Letters to the editor

Not-so-smart perception
Researchers studying associations between IQ and selected visual tasks (“Less is more for smart perception,” SN: 6/29/13, p. 18) report that tracking small moving foreground objects, a task at which high-IQ subjects excelled, is often more important than detecting large-object motion or attending to background activity. They suggest that for driving or walking in busy areas, high-IQers have an advantage over people with lower IQs, who are better at monitoring large objects. I will have to take their word for it, but I can’t quite get out of my mind an image of all those geniuses, deftly swatting away mosquitoes and flies while being run over by trucks and trains whose approach in the background they didn’t notice.
Holly J. Massey, Livermore, Calif.

Intelligence is not memorized
Practice on memory tasks (“Memory training questioned,” SN: 6/15/13, p. 12) did not make people smarter on intelligence tests.
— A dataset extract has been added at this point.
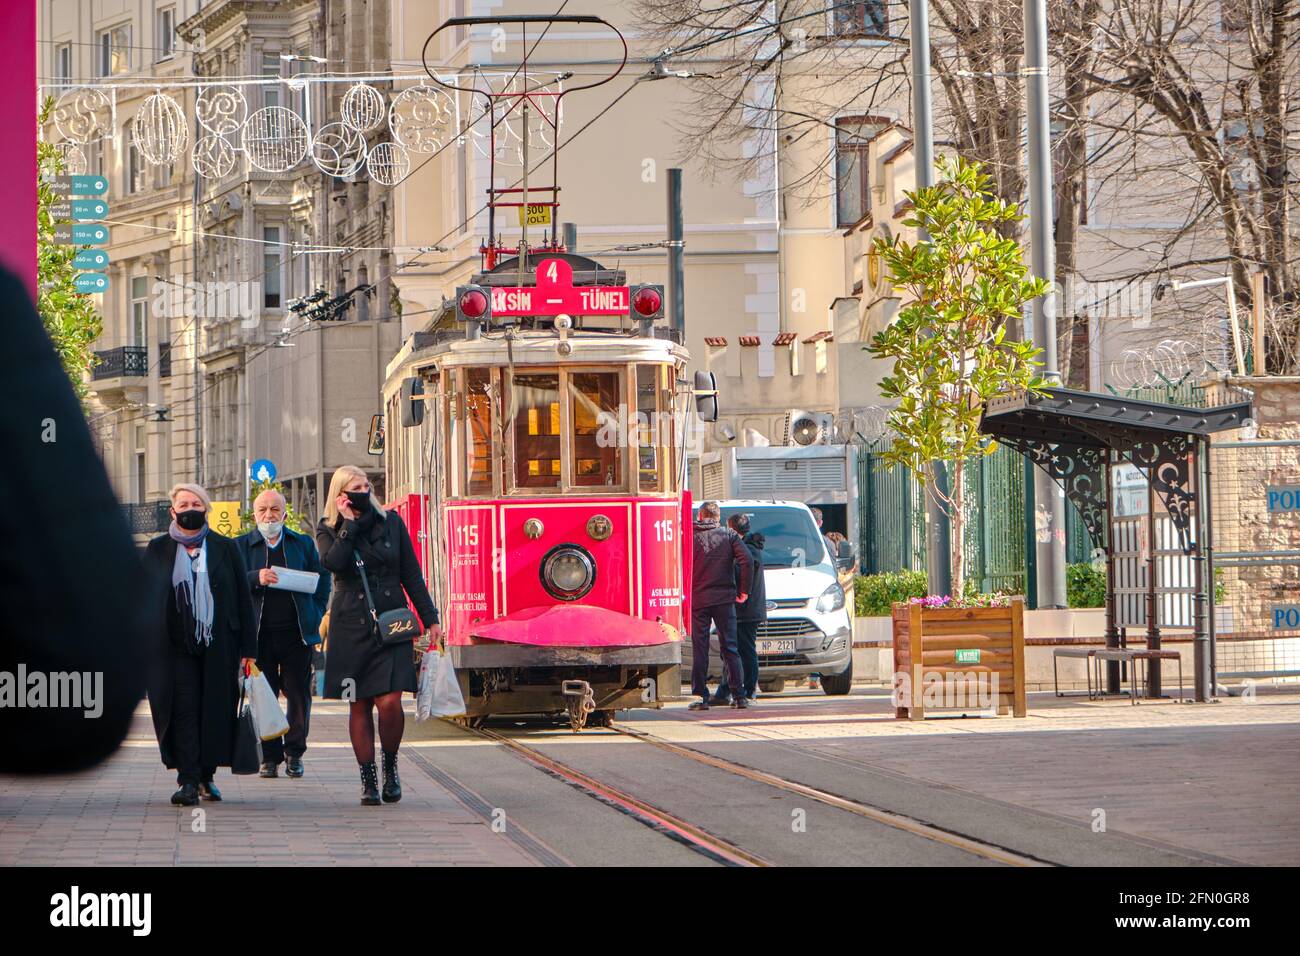 Most well known taksim square during morning with red, vintage and retro style tram in istiklal street and many tourists with medical masks. Stock Photo

Such studies are based on the theory that intelligence is some quality of the mind-brain that can be strengthened by mental practice. There is another concept of intelligence as composed of learned basic repertoires, such as language, that make possible learning other repertoires. A child with a good language repertoire will do better in school than a child with a less good repertoire. There is experimental evidence that supports this theory as well as naturalistic evidence such as the Flynn effect (the observation that since the 1930s, intelligence has generally increased).